Les SS ont détruit la plupart des archives du KL Auschwitz lors de l’évacuation du camp en janvier 1945. Le portrait d’immatriculation de ce détenu a disparu.

Les SS ont détruit la plupart des archives du KL Auschwitz
lors de l’évacuation du camp en janvier 1945.
Le portrait d’immatriculation de ce détenu a disparu.

Henri, Joseph, Corne naît le 15 septembre 1897 à Vesoul (Haute-Saône – 70), chez ses parents, Louis Corne, 24 ans, menuisier (“ouvrier d’art”), et Louise Flousey, 16 ans, son épouse, sans profession, domiciliés au 27 rue de la Tuilerie. Henri est l’aîné d’une famille de quatre enfants vivants, avec Henriette, née en 1899, Juliette, née en 1902, et Eugène, né en 1904. Leur frère Georges, né début 1901, décède l’année suivante, âgé d’un an et deux mois.

Après avoir obtenu son certificat d’études primaires, Henri Corne travaille pendant un temps comme menuisier, peut-être avec son père, Louis.

Le 2 août 1914, Louis Corne, 40 ans, est mobilisé aux G.V.C., poste de Vaivre (70). Libéré provisoirement le 15 janvier 1915, il est rappelé à nouveau sur les G.V.C. Le 19 avril suivant, il est détaché à l’usine Dollé-Chaubey à Vesoul. Le 5 octobre, il passe à l’usine Maire à Scey-sur-Saône (70).

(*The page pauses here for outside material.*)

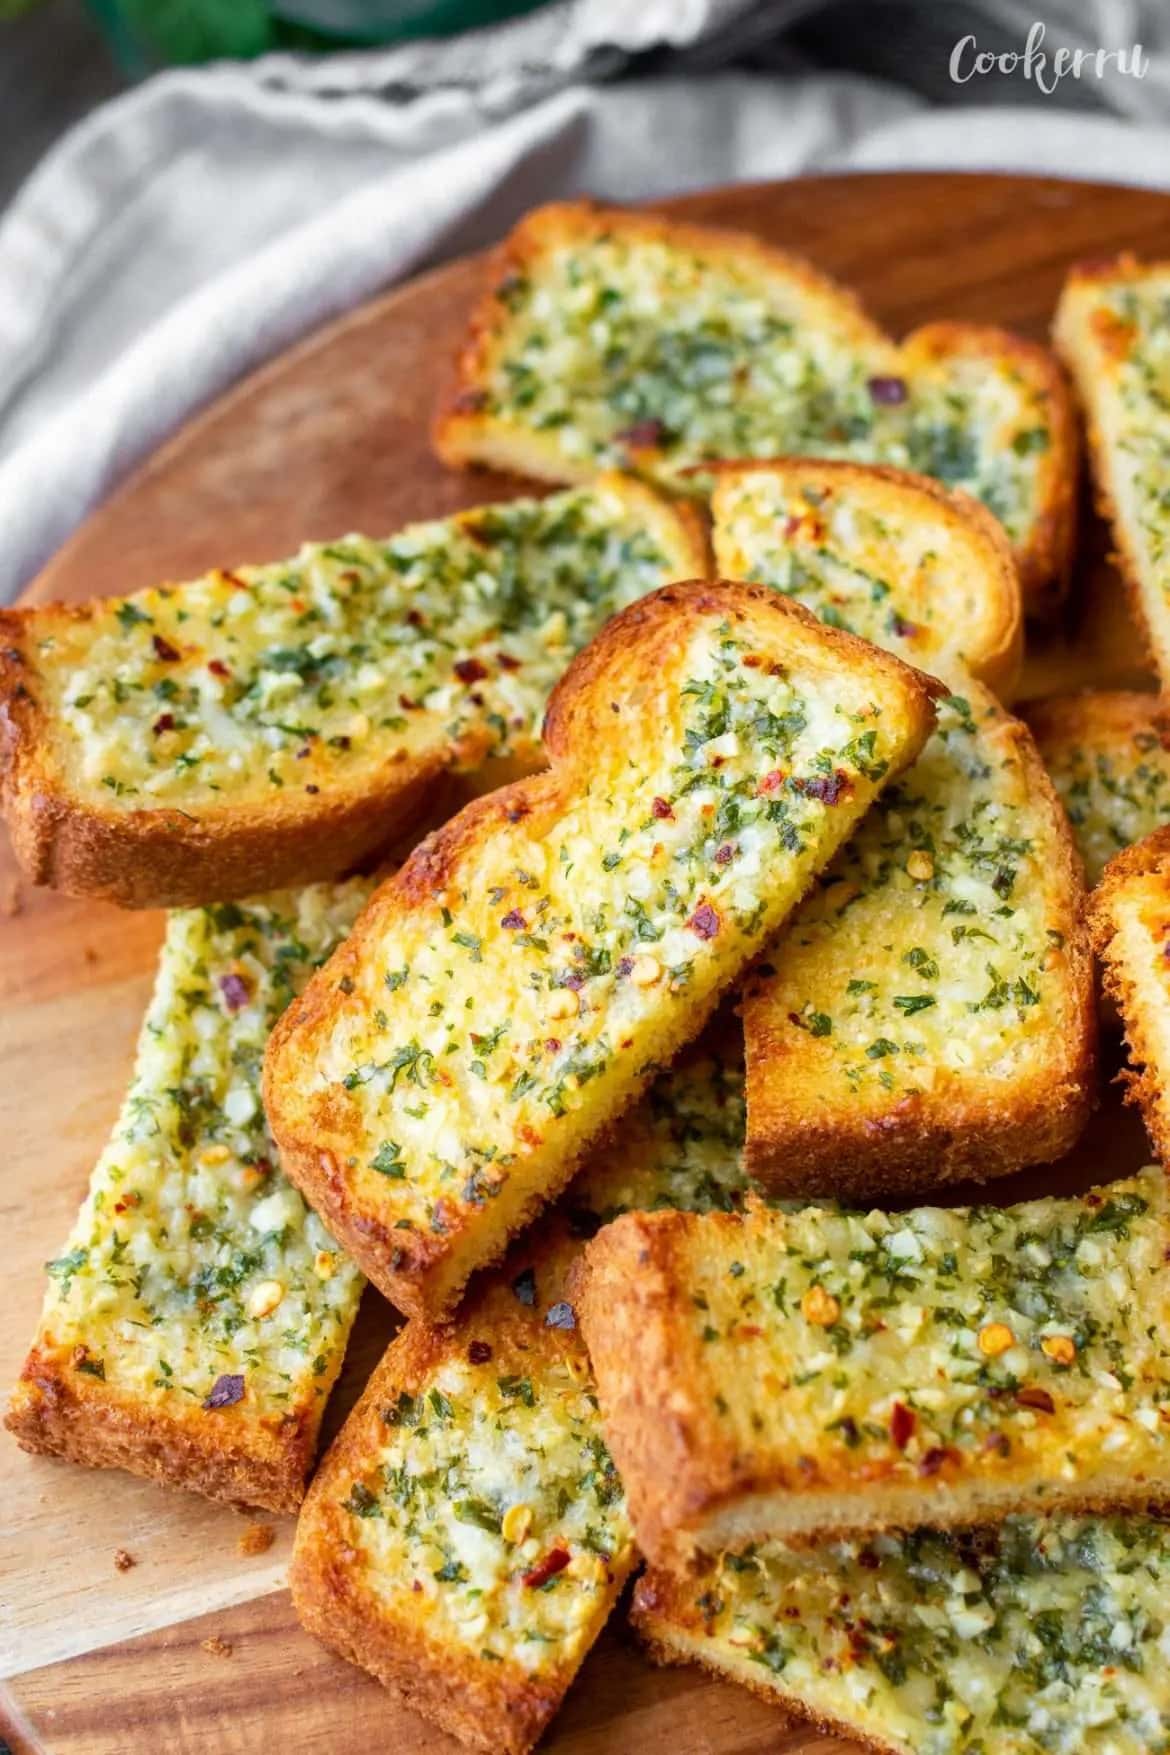 Baked slices of bread  on a wooden board with butter garlic spread on top.

Le 1er juillet 1917, il passe au 47e régiment d’infanterie, mais le 10 décembre, il est mis en sursis d’appel illimité au titre de l’entreprise Plousey, 10, rue Petit à Vesoul.

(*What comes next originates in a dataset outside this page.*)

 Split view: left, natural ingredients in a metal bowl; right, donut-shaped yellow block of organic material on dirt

Le 12 juillet 1915, à Vesoul, alors qu’il est de la classe 1917, Henri Corne s’est engagé volontairement pour la durée de la guerre comme soldat de 2e classe au 2e groupe d’aviation, implanté à Lyon-Bron, où il est arrivé deux jours plus tard. Son unité a d’abord été affectée aux armées Nord et Nord-Est. Puis, du 29 octobre 1916 au 28 juin 1917, Henri Corne a été mobilisé dans l’Armée d’Orient, rejoignant sans doute d’abord Salonique (les escadrilles se déplaçant ensuite en fonction du front). Le 1er janvier 1917, il est passé au 3e G.A.

Son père décède prématurément à Vesoul le 6 mars 1919, âgé de 45 ans.

Le 28 août 1919, Henri Corne passe au 1er G.A., dans la 1re compagnie d’ouvriers. Le 22 septembre suivant, le D.D. de l’aéronautique de Besançon le met en congé illimité de démobilisation.

En mai 1920, Henri Corne habite au 184, avenue du Président-Wilson à la Plaine-Saint-Denis (Seine / Seine-Saint-Denis).

Henri Corne est artisan menuisier ; pendant un temps, il est plus particulièrement escaliéteur, concevant et fabriquant des escaliers.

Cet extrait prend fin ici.